JPH11190299A - Turbo machine - Google Patents

Abstract

PROBLEM TO BE SOLVED: To enhance the efficiency of a high-specific-speed turbo machine and to make the machine highly compact by inhibiting a separation phenomenon inside the diffuser part of the high-specific-speed turbo machine. SOLUTION: In this turbo machine in which an impeller 12 rotating about an axis, a hub 14, and a diffuser part 18 having a diffuser vane 16 are provided inside a cylindrical casing 10, the diffuser part 18 is so formed that its part taking the form of a meridian plane has a recess 26 between an inlet 22 and an outlet 24, increasing the area of an annular flow passage from the inlet 22 to the recess 26.

Description

DETAILED DESCRIPTION OF THE INVENTION

[0001]

BACKGROUND OF THE INVENTION 1. Field of the Invention The present invention relates to a turbomachine, and more particularly to a high-efficiency and compact turbomachine having a high or medium specific speed.

[0002]

2. Description of the Related Art For example, as shown in FIG. 10, a flow path of an axial flow pump has a diffuser 12 having an impeller 12 rotating around an axis, a hub 14 and a diffuser blade 16 inside a cylindrical casing 10. A portion 18 is provided. The fluid sucked into the pump from the suction passage 20 is energized by the rotational motion of the impeller 12 to increase the total pressure, and the swirling speed of the fluid is reduced in the diffuser 18 to reduce the kinetic energy of the swirling flow. It is structured to recover as static pressure. That is, in the diffuser section 18, the static pressure increases in the flow direction as the speed decreases.

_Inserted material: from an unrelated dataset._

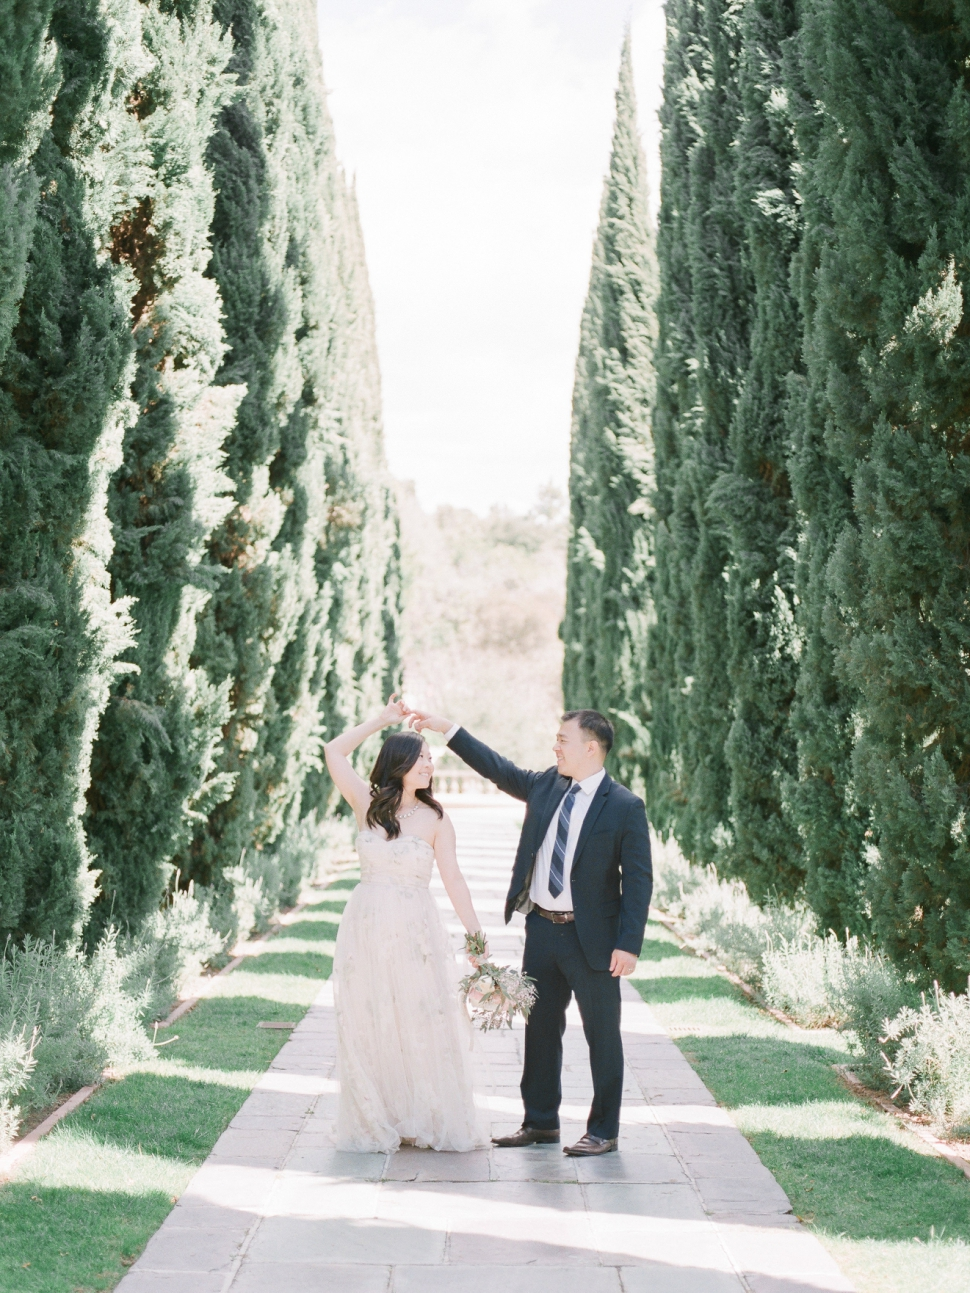 Southern-California-Wedding-Photographer-Cassi-Claire-Greystone-Mansion-Beverly-Hills-CA-wedding_07.jpg

At this time, if the shape of the flow path is inappropriate, the fluid flows backward due to a reverse pressure gradient in the flow direction, resulting in a significant reduction in pump performance. In particular, it is known that reducing the size of a turbomachine increases the blade load on the blades and increases the reverse pressure gradient, which is likely to cause such a separation phenomenon, which is a factor that hinders high efficiency and compactness of the turbomachine. It has become.

[0004] The flow path shape of the diffuser section 18 is defined by both the meridional plane shape and the blade shape. Of these,
The meridional plane shape defines a change in the cross-sectional area of the flow passage between the diffuser flow passage inlet and outlet, and thus has a great effect on realizing an appropriate deceleration process inside the diffuser. In the mixed flow pump, the flow path cross-sectional area increases even if the flow path width is constant due to the increase in radius from the inlet of the diffuser section to the maximum diameter section of the diffuser section. Can be.

On the other hand, in a high specific speed turbomachine represented by an axial flow pump, both the hub 14 and the casing 10 are shown in FIG.
As shown in FIG. 1, most of the flow deceleration is performed depending on the change in the blade angle in order to design the inlet 22 and the radius of the maximum diameter portion to be almost constant.

[0006]

However, if the deceleration action is performed only by the turning action of the blade as in the above-mentioned conventional axial flow type turbomachine, the blade is overloaded and large-scale separation occurs. there's a possibility that. For example, FIG.
Fig. 2 shows a velocity vector diagram of a conventional axial flow pump blade surface predicted by a three-dimensional viscous flow analysis. It can be confirmed that this is a cause of lowering the pump performance.

[0007] Therefore, in an axial flow pump with a high load,
In the first half of the flow path of the diffuser section 18 having a large flow velocity, the flow could not be decelerated at an early stage to reduce the friction loss, and it was difficult to realize high compactness while maintaining high efficiency and an operating range. .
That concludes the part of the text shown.